▼▼▼

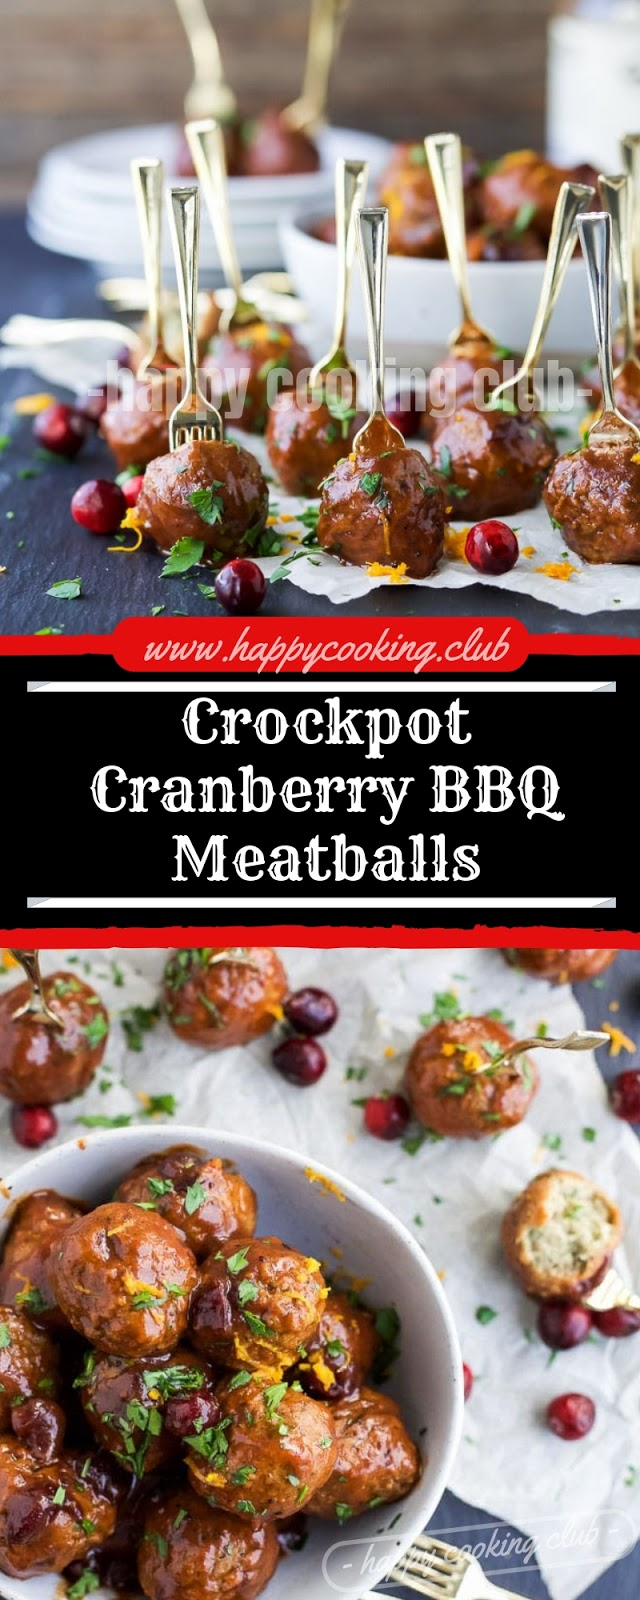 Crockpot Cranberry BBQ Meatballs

▲▲▲
▼▼▼

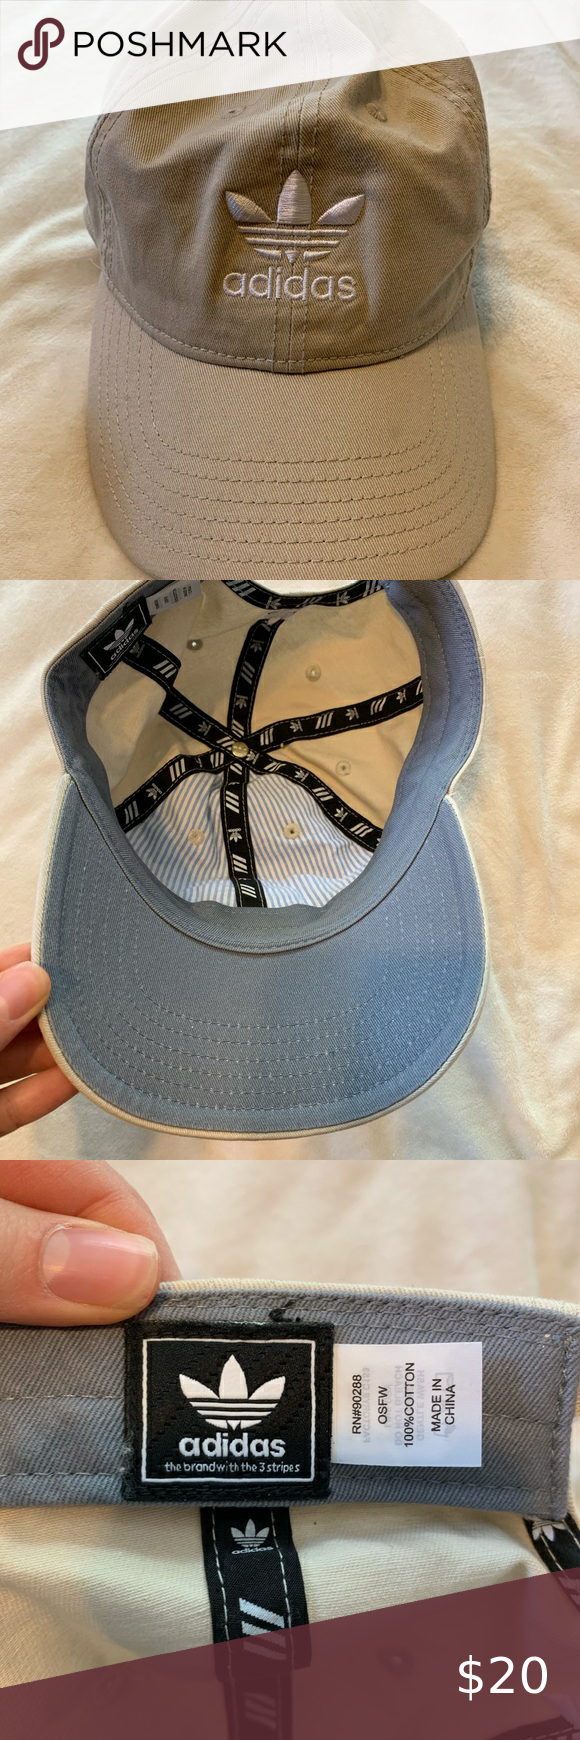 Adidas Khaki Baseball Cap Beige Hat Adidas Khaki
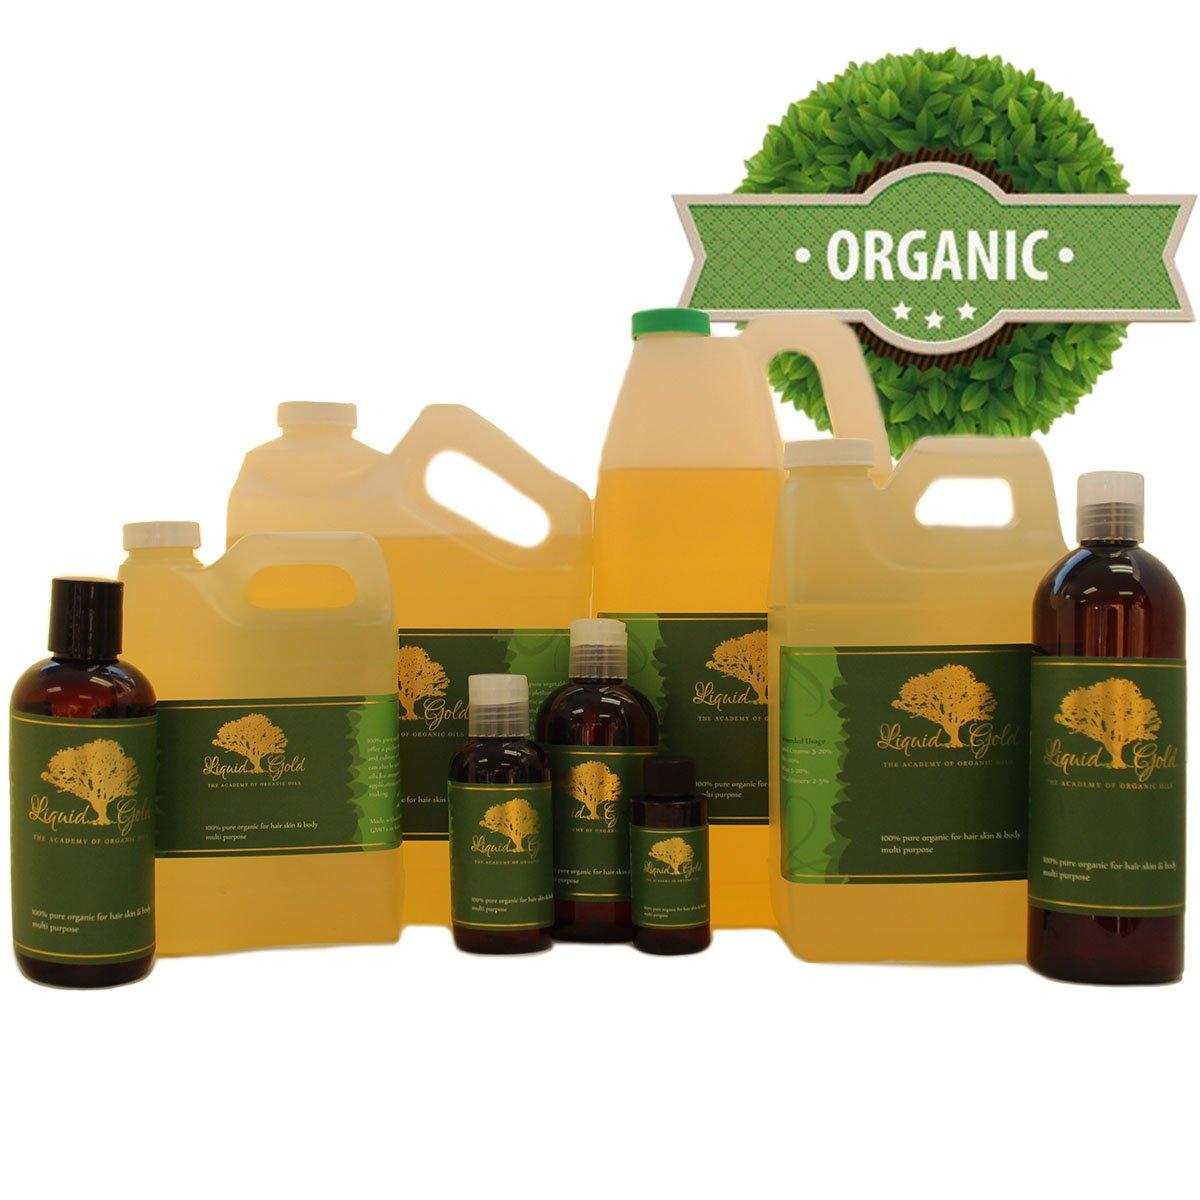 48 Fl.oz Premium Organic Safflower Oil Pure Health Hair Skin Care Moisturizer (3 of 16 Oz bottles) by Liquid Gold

▲▲▲

▶ TRY IT
Where a picture appears in the records above, omit it, and transcribe exactly the stretch of lines from the one with "Adidas Khaki Baseball" through the one with "48 Fl.oz Premium".

▶ EXERCISE SOLUTION
 Adidas Khaki Baseball Cap Beige Hat Adidas Khaki
 48 Fl.oz Premium Organic Safflower Oil Pure Health Hair Skin Care Moisturizer (3 of 16 Oz bottles) by Liquid Gold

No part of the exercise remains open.